For a first experiment we evaluate the ability of each shape representation for the problem of discriminating between shapes of organs obtained from healthy individuals compared to subjects diagnosed with pre-diabetes or diabetes. Our set of 359 images is split divided in training and testing sets (50/50) and classification performance is evaluated in terms of Area Under the Curve (AUC) (Table 1) of the Receiver Operating Characteristic (ROC) curves shown in figure 3

. For comparison we compute AbdomenPrint features, and a gradient boosting classifier is trained to operate on the obtained shape descriptors. Our results show that although both methods are able to detect differences between diabetic and control patients, MSPNet presents a higher classification performance. It is also worth mentioning that using joint shape descriptors of both the spleen and the liver did not improve classification for AbdomenPrint, whereas MSPNet was able to leverage on joint information obtained from both organs simultaneously.

Liver Spleen Abdomen
AbdomenPrint 0.61 0.60 0.62
MSPNet 0.69 0.61 0.74
Table 1: Area under the curve values for the diabetes classification experiment.

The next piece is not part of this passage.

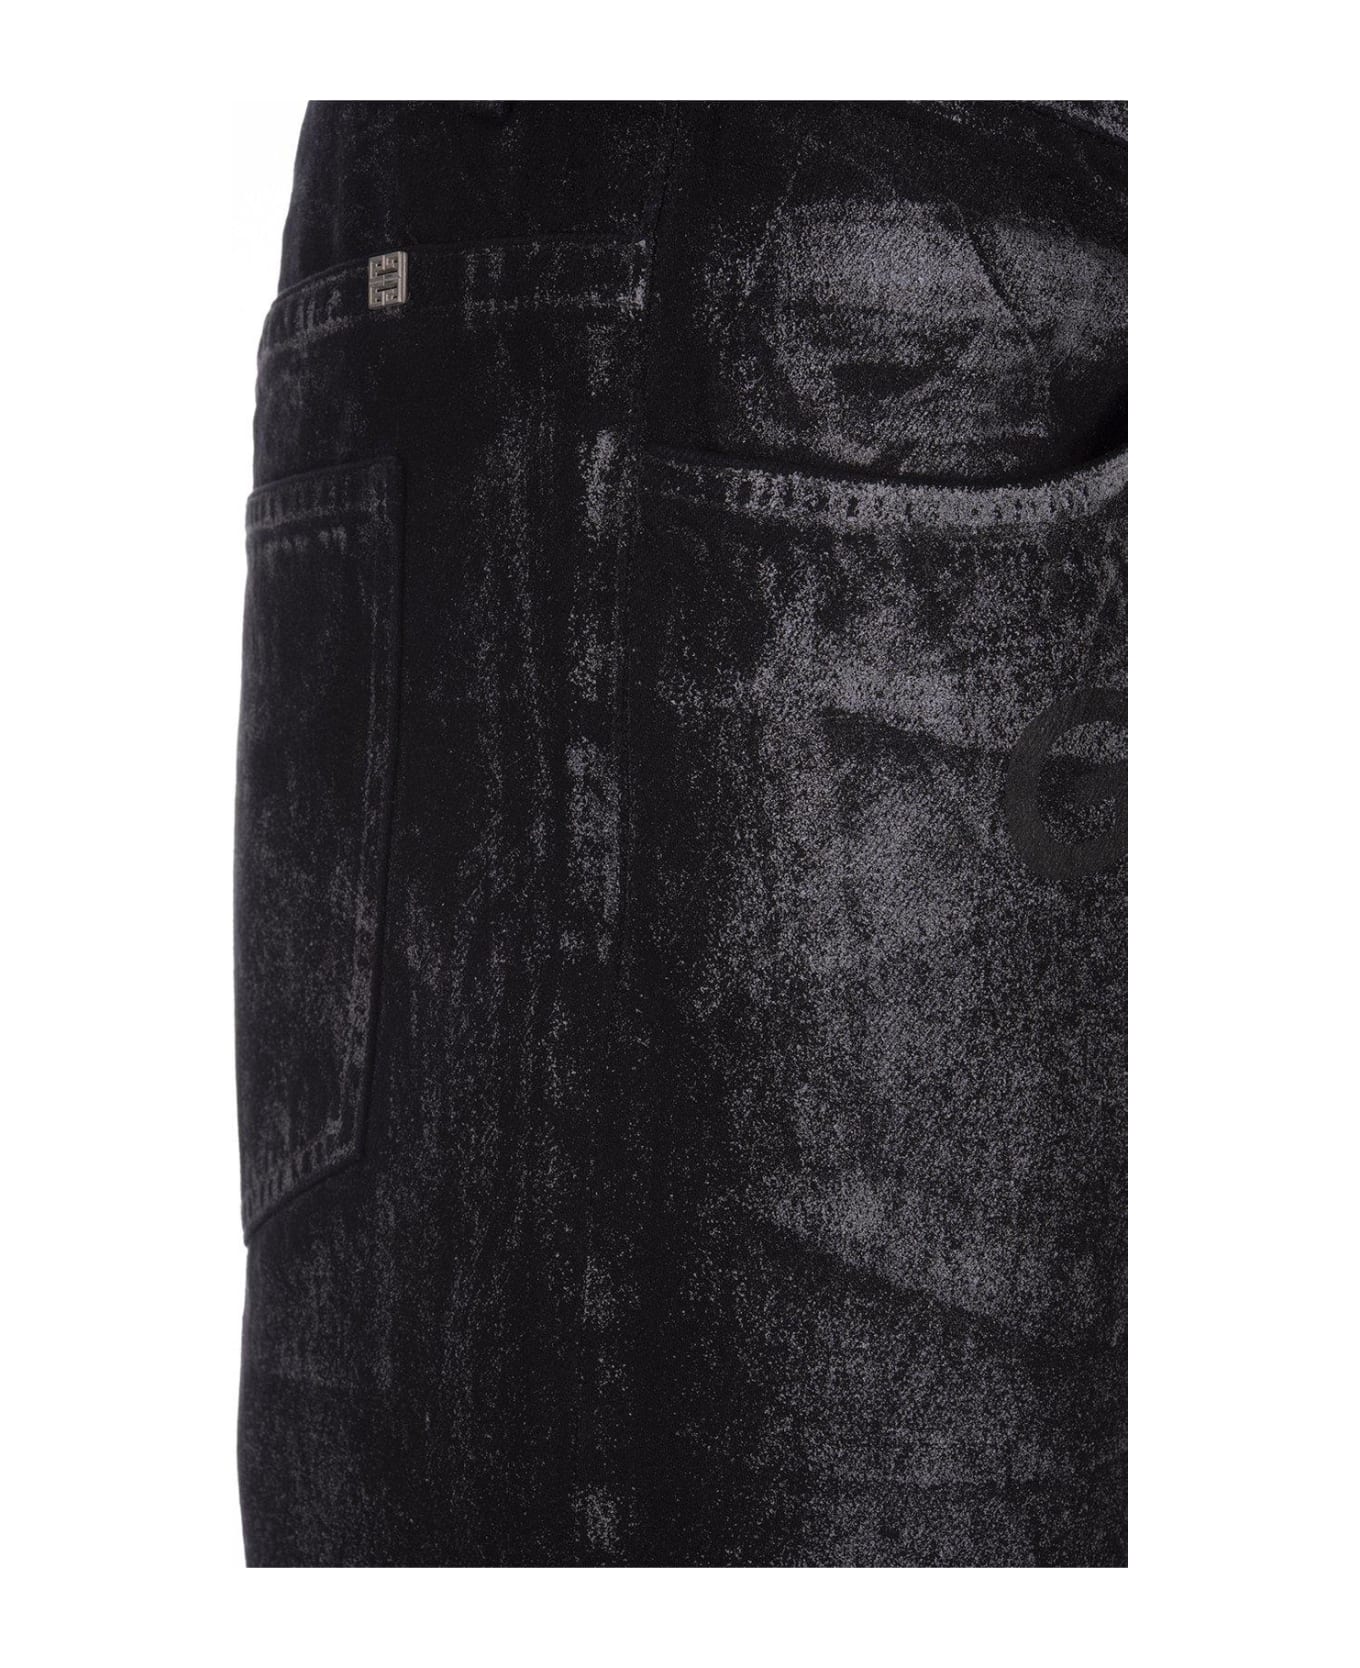 Givenchy Black And Grey Straight Jeans With Reflective Painted Pattern - Nero デニム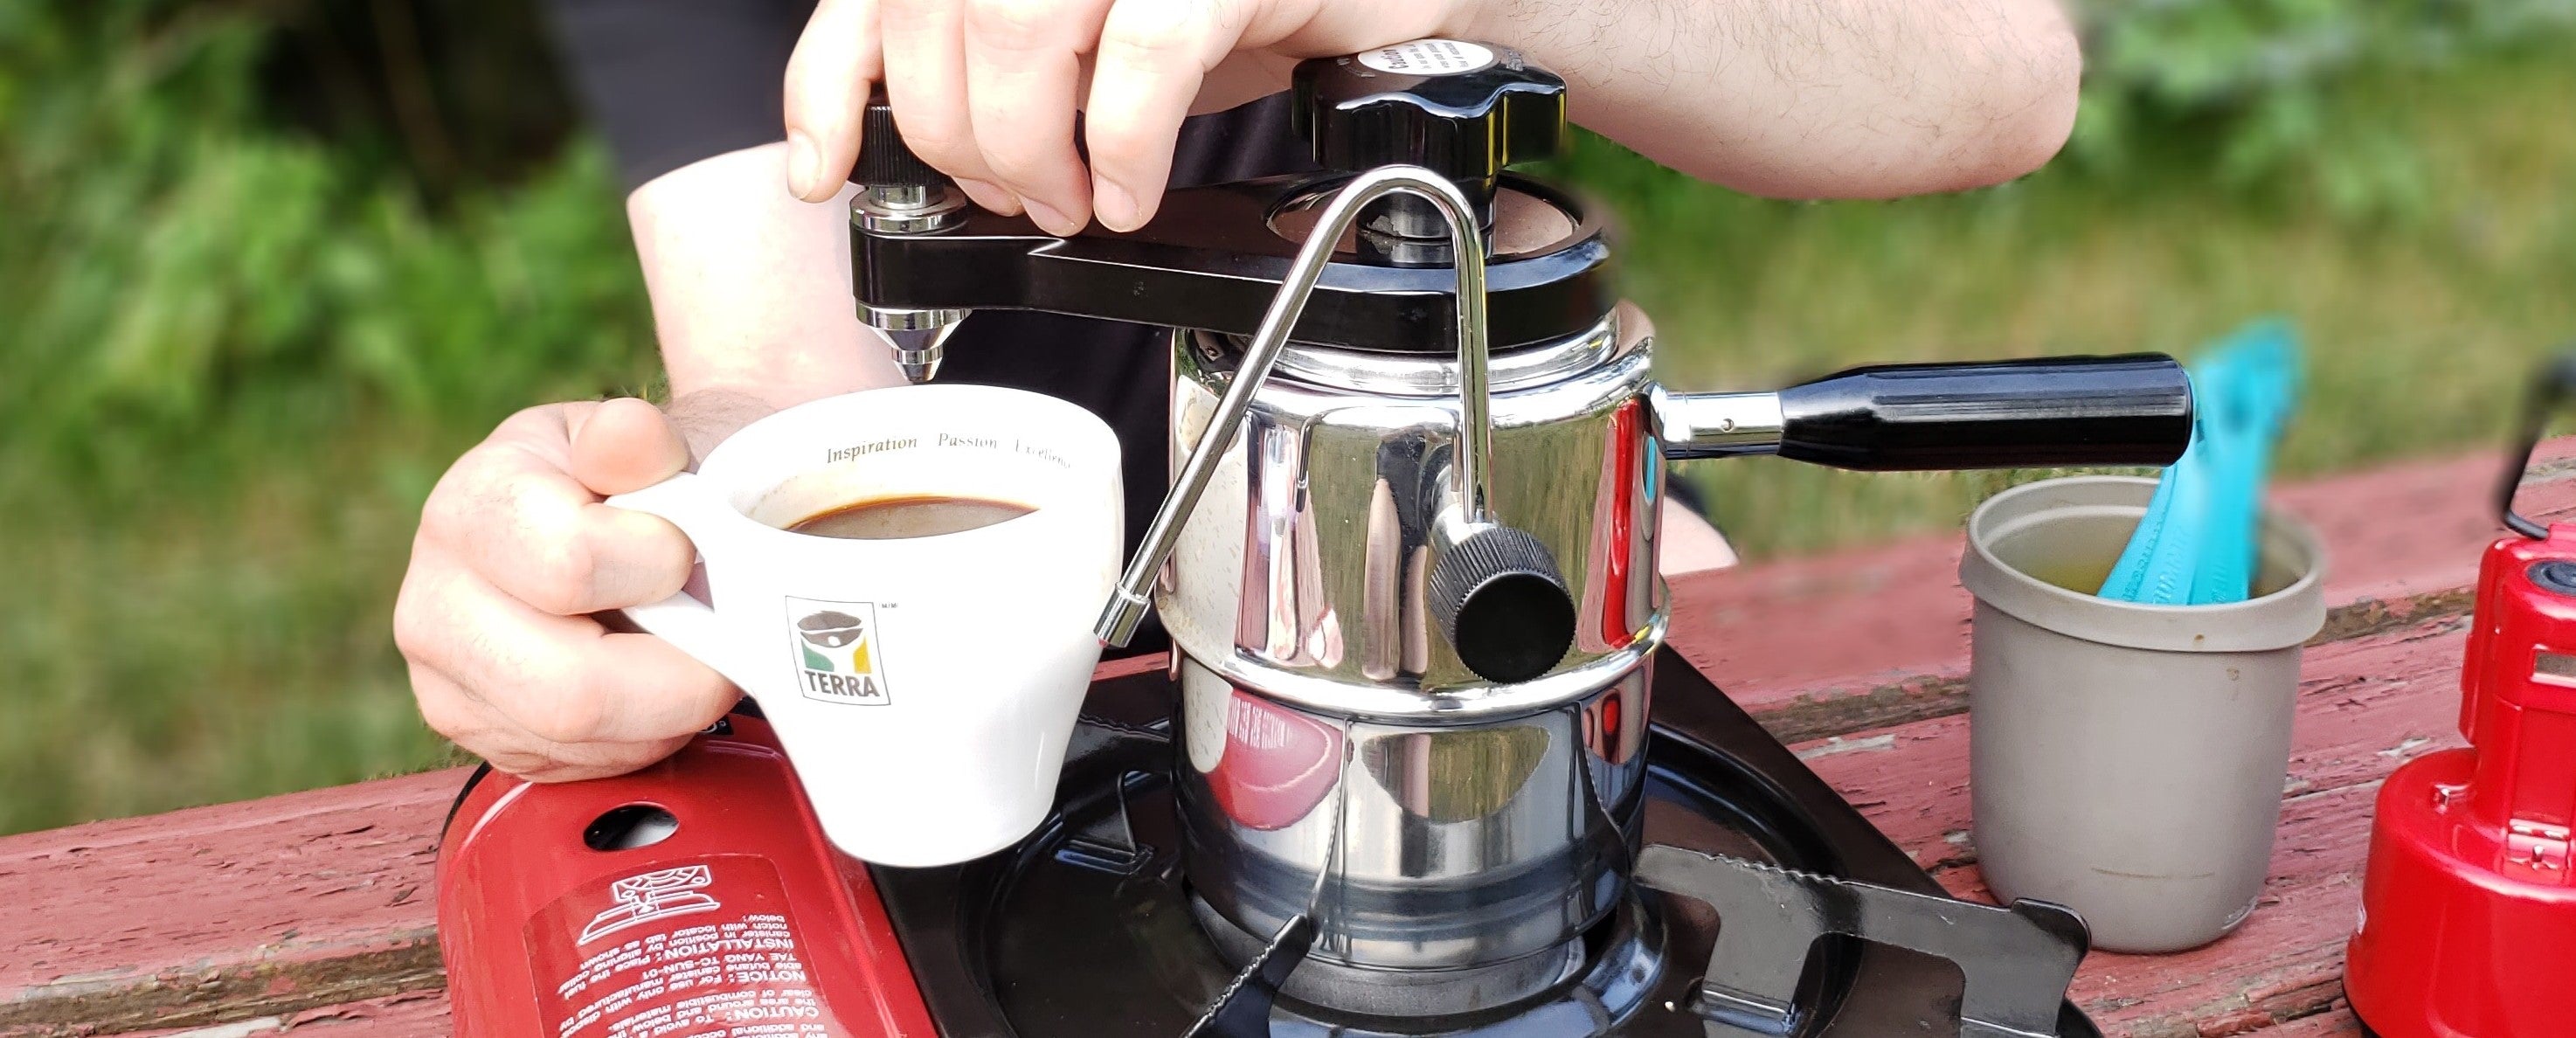 How To Make The Best Camping Coffee – Bellman Espresso

3.2 Visualization of the Shape Feature Spaces

One of the main advantages of using representations that are trained in an end-to-end fashion for classification is that the obtained shape representation is specifically optimized for a particular task. In the case of MSPNet, we expect the shape descriptors to lie on a space where shapes of organs of healthy patients are clustered close to each other and separated to the shapes of organs of patients diagnosed with diabetes. To have a better understanding of the properties of these learned representations, we visualize 2D projections of the shape descriptors by embedding them into a two dimensional space using t-Distributed Stochastic Neighbor Embedding (t-SNE) [tsne]. These embeddings can be observed in figure 4, where we present embeddings on the 2D space for the liver using both AbdomenPrint and MSPNet. In this figure we can observe that the feature space obtained using MSPNet leads to clusters which group together either healthy subjects or individuals diagnosed with pre-diabetes or diabetes. This can be explained by the fact that the shape descriptors of MSPNet are specifically optimized for the separation between these two classes as opposed to AbdomenPrint, which uses standard descriptors that are not targeted to a specific task.

4 Conclusions

We have proposed the use of a deep learning based representation for the morphological analysis of abdominal organs, and we have applied this representation for the task of diabetes classifications. Our results show that the use of learning representations based on deep networks have the potential to uncover shape deformations correlated to disease, and potentially to other factors. Compared to other methods, which rely on engineered features, the shape descriptors learned by MSPNet are optimized for the task of diabetes classification and are based on a simple point cloud representation without the need of calculating meshes or finding points correspondences between subjects.

Figure 4: Embedding of the shape descriptors into a 2D space using t-SNE . Each point corresponds to a different subject. The color coding on the left corresponds to the real diagnosis for each subject and the coding in the middle to the label assigned by the classifier. Liver shapes on the right column are shown according to their location in the t-SNE space (the color of the surfaces of the livers is just used for visualization purposes and is not related to the labels).

4.1 Acknowledgments.

This work was supported in part by DFG, SAP SE and the Bavarian State Ministry of Education, Science and the Arts in the framework of the Centre Digitalisation.Bavaria (ZD.B).